Adrienne looked down at her beat up work sneakers. They used to be Adidas but the logo had long faded.
“You getting this, Mrs. Levi? You’ve been here a long darn time. Longer than most but you know how it is. You’re--
In the most subdued tone possible, she stated, “I ...quit.”
Nate hadn’t heard her. Carnage Wrestling was paying her a grand per appearance. And she heard there were winner’s bonuses, but she wasn’t going to be that arrogant to think that she was going to be very good at this. Maybe she could sell t-shirts out of the trunk of her car like she did Danny’s. There was that time someone said they’d pay her five grand for a “modeling gig” but … nevermind. 
“So tonight, you could stay over.”
“No…”
“Hey, look, Janey left early. Something about her kid again or whatever. I’m sure she’s making it up but I doubt you have any plans. Who doesn’t like to make an extra dollar an hour?”

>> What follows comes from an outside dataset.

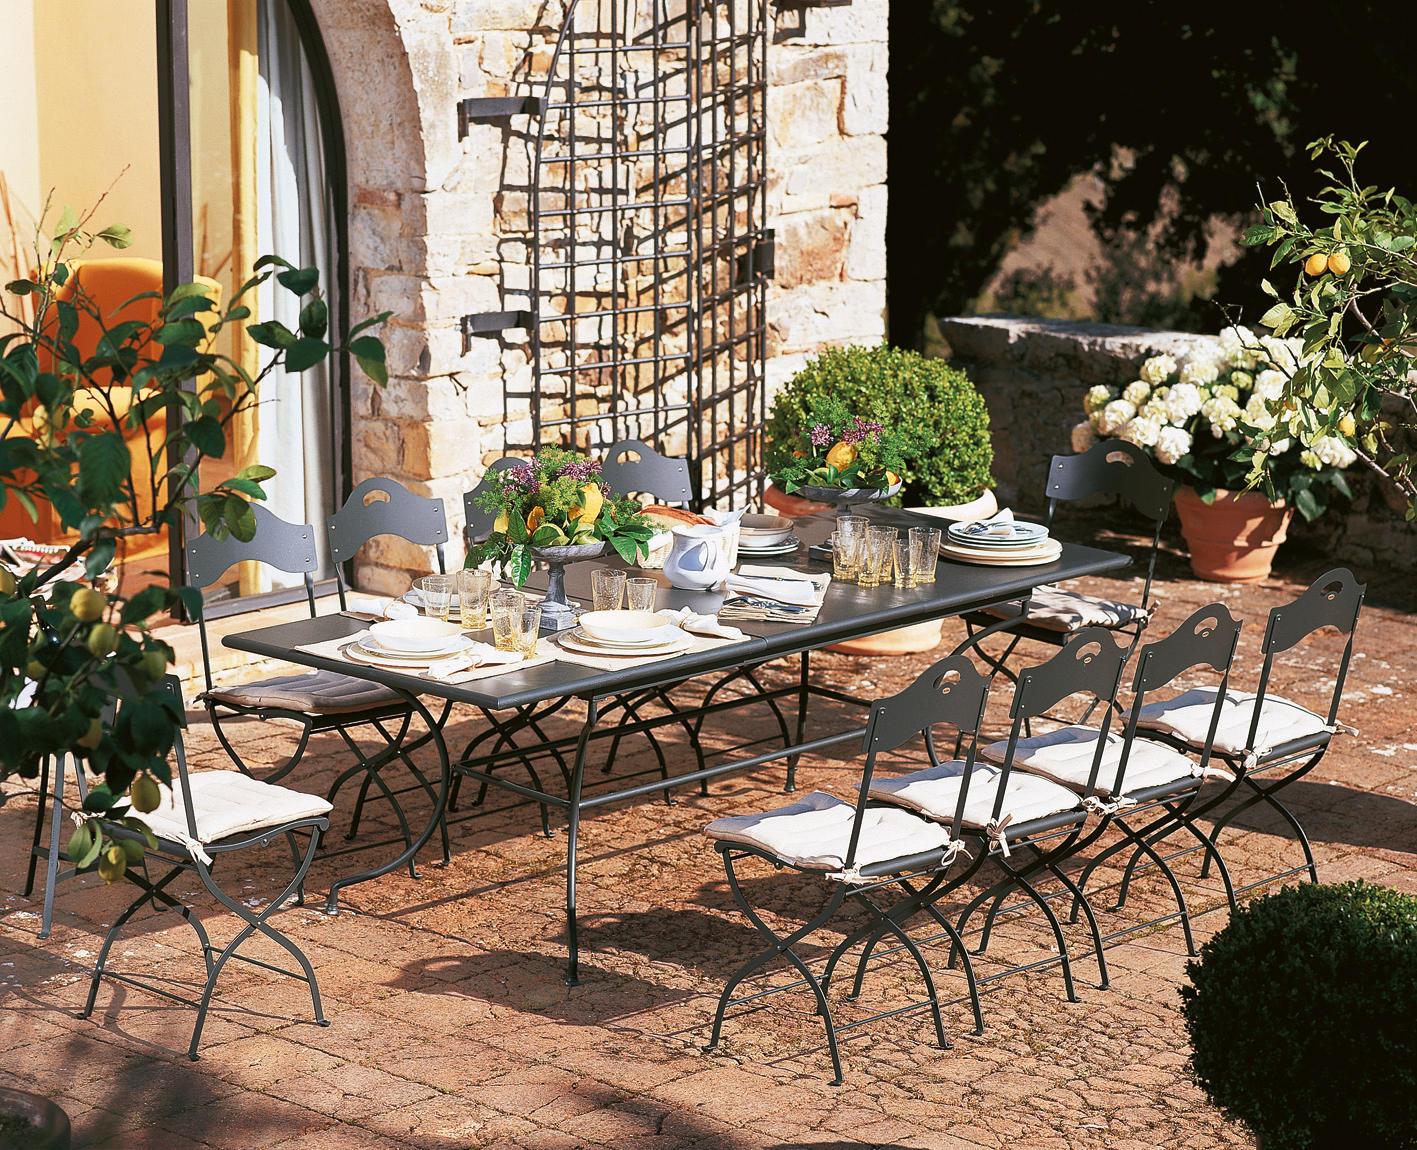 D coration table jardin unopiu 87 boulogne billancourt for Jardin 87

He smiled sincerely, like that extra dollar really helped. 
“I can’t…”
Adrienne suddenly had Nate’s full attention. For her entire life, Adrienne never did anything on impulse. But as of late, she was by herself and she had reconsidered that taking care of her own needs every once in a while wasn’t really that selfish.
“Because?”
Adrienne stood up, breaking away the lanyard that held her badge. Her tone was as emphatic as she could muster.
“Because … I quit.”
Before Nate could react, she turned around - nearly tripping over the chair. After nearly planting her face into the office door, she tossed her credentials to the carpet and stormed out. Heads of long time co workers popped up from their cubes as Nate hurried out from his closet, calling after her.
“Hey, hey, you don’t mean that. Just … take the night off. Come back to…”
The former collection agent didn’t hear the rest of his plea as the back door to the outside slammed behind her. She had triggered the fire alarm but … well, she didn’t give a shit.